E’ certamente la strada più lunga, che non finisce in una vita. Ma è quella che probabilmente disegna la nostra Storia, quando i fatti accaduti sono frutto di operoso lavoro e non di episodiche sortite. Siffatto agire è fertile humus in cui tutto ricade, si distilla e ricrea riconducendo le eventuali asperità ad una forma globale ben più completa anche se mai finita. E qui risiede la massima bellezza e comprensione del non eterno, ove semmai la fede può proseguire: la coscienza di sé in sé, nel e col mondo.
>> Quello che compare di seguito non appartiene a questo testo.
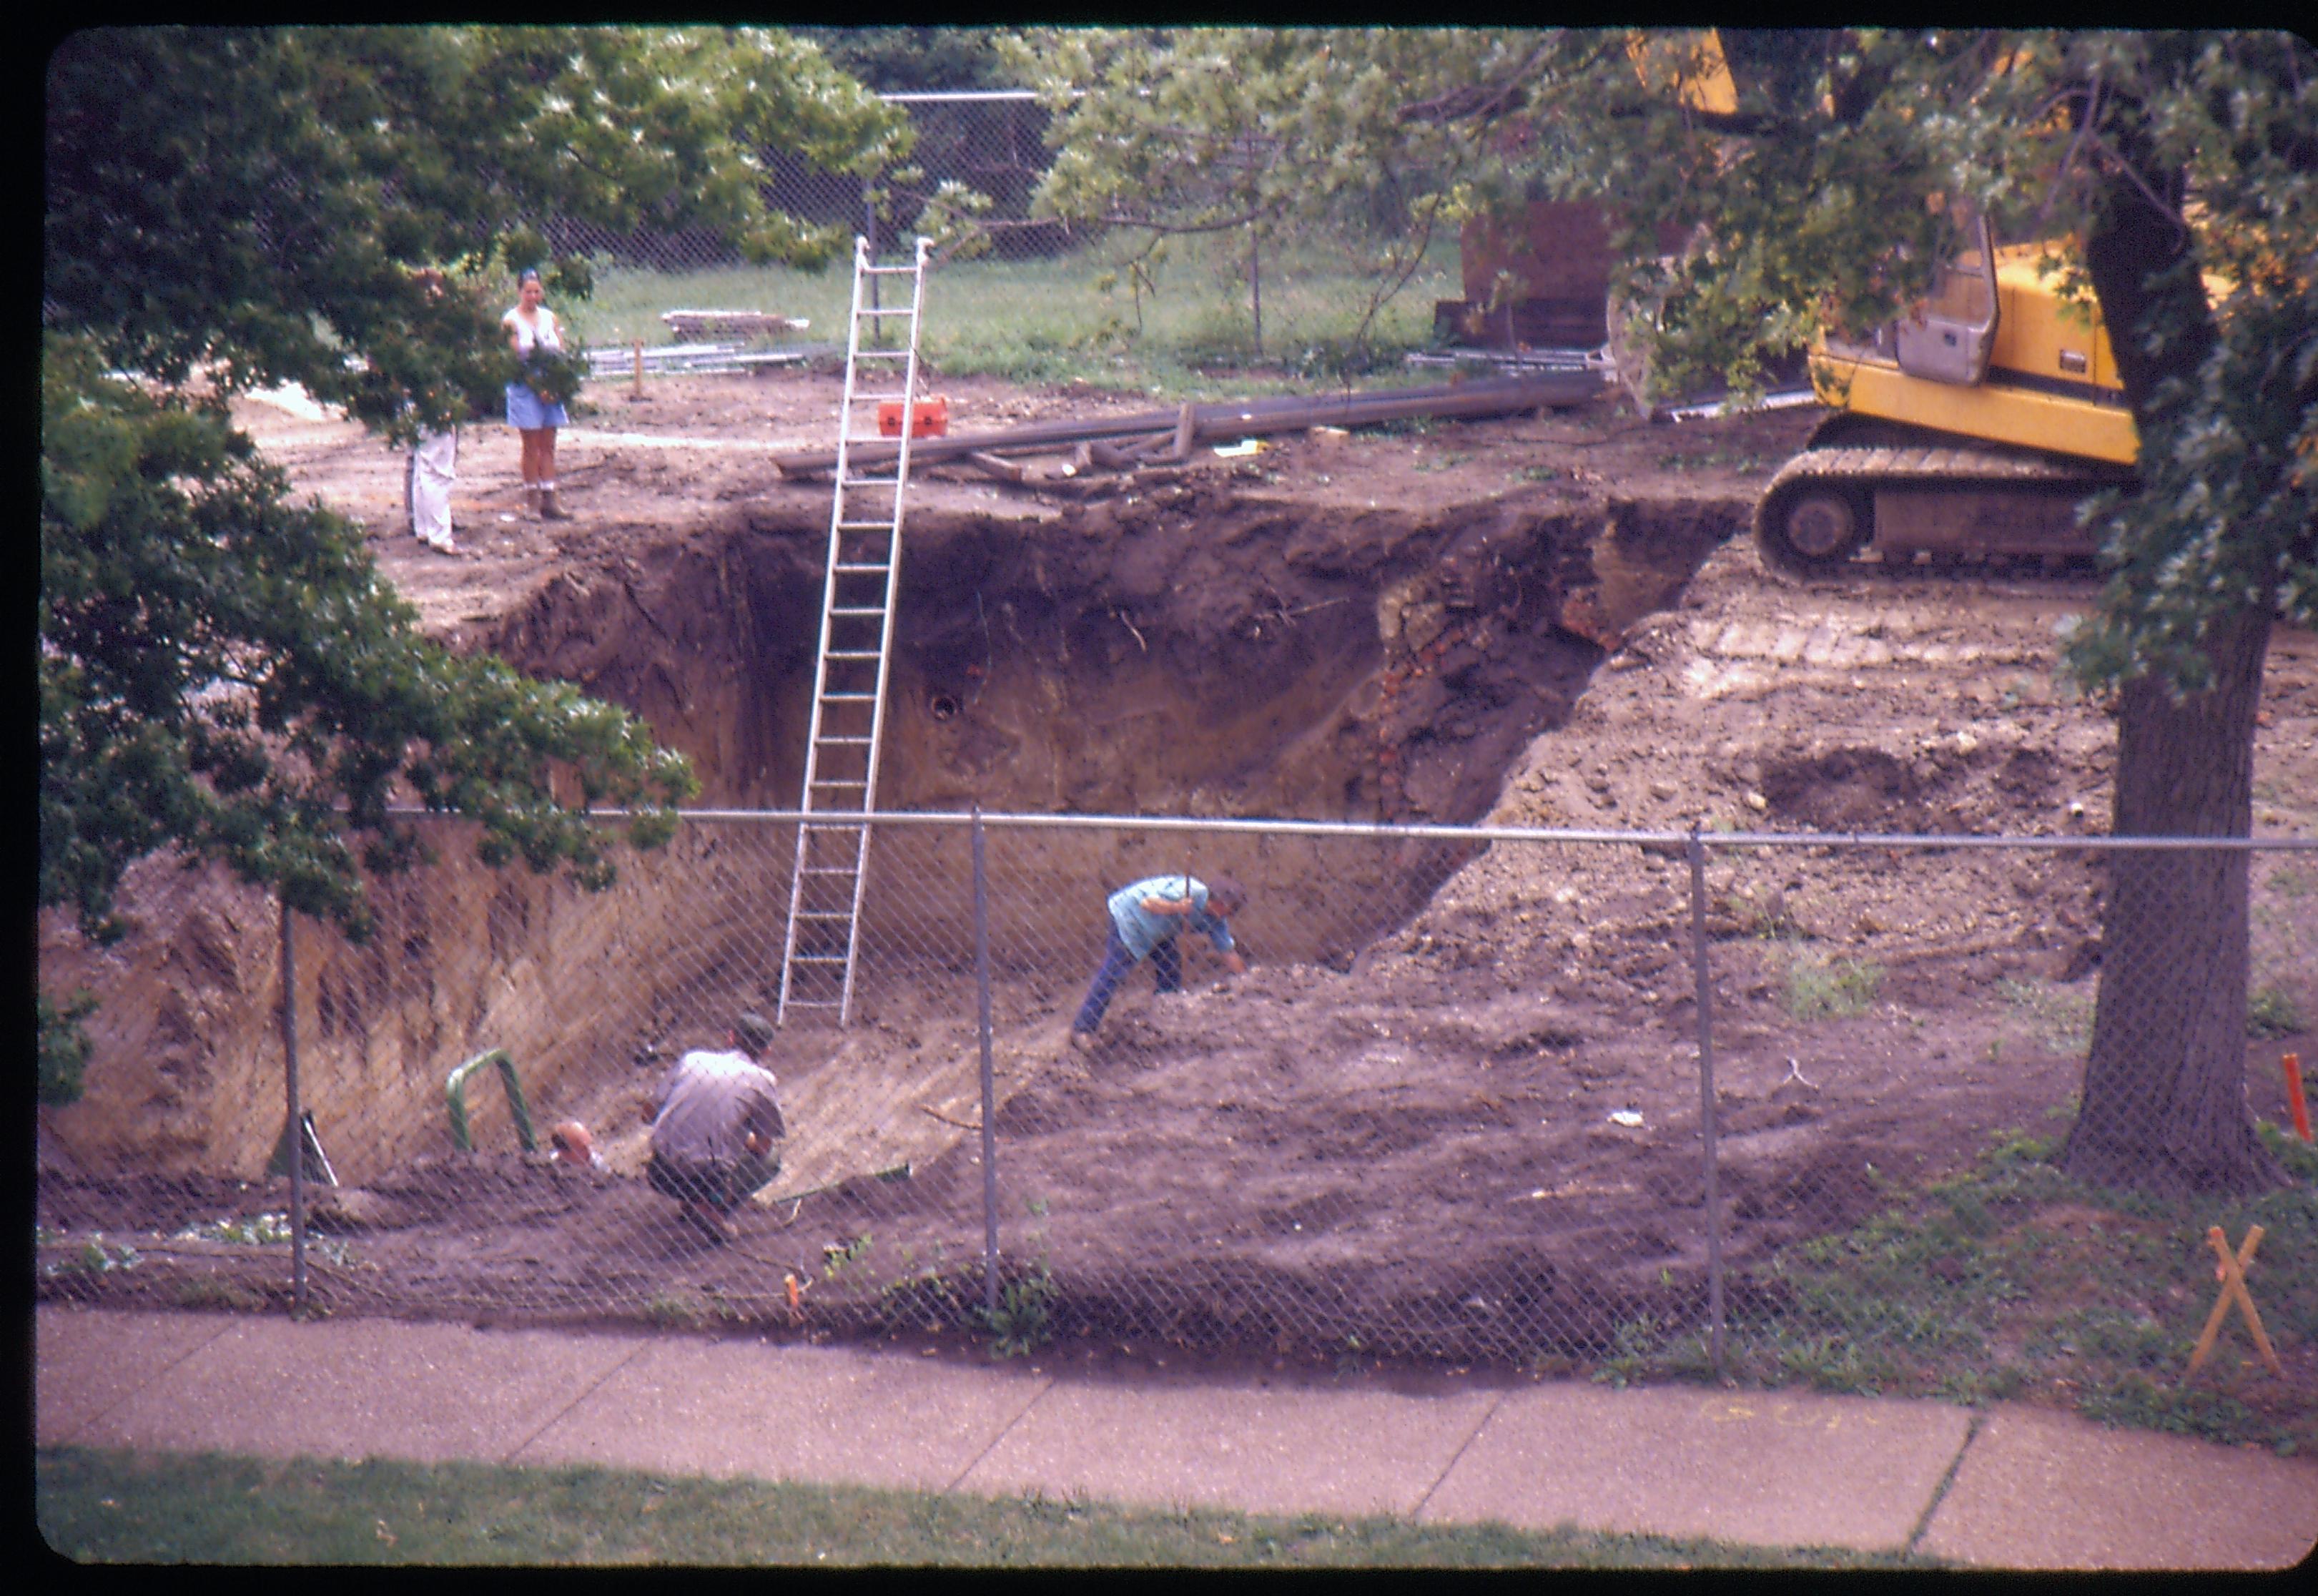 Morse - basement excavation. Fever River Archeologist Floyd Mansberger excavates top of the cistern (not visible) while Maintenance workers Al McHenry and Doug Sharp wait and Fever River staffer takes pictures while talking to Historian Tim Townsend and Curator Susan Haake in left background behind tree. Looking South from top of parking garage across Capitol Ave. Morse, foundation, archeology, staff, Fever River, parking garage, Capitol Ave.

Come sempre passeranno gli anni e molto dimenticheremo. Non ho voluto qui ripercorrere la carriera del "Gianni" medico e politico. Ho voluto, per amicizia e rimpianto, sottolineare quanto importante e irrinunciabile sia il "fattore umano" specie nei personaggi pubblici. E penso sia proprio questo che rimarrà di lui, in particolare alla gente della strada: figura istituzionale ma senza quel fastidioso distacco un po' saccente così diffuso. La gente di queste meravigliose vallate sa di aver perso una persona che comunque sapeva "ascoltare". Molti lo ricorderanno spesso, seduto sulla panchina vicino alla sua grande casa, proprio all'inizio di Castello. E questo, non essendo un elogio ai fatti (che, si sa, possono o meno piacere) ma al sentimento dei fatti, penso sia il segno conclusivo migliore di questo saluto.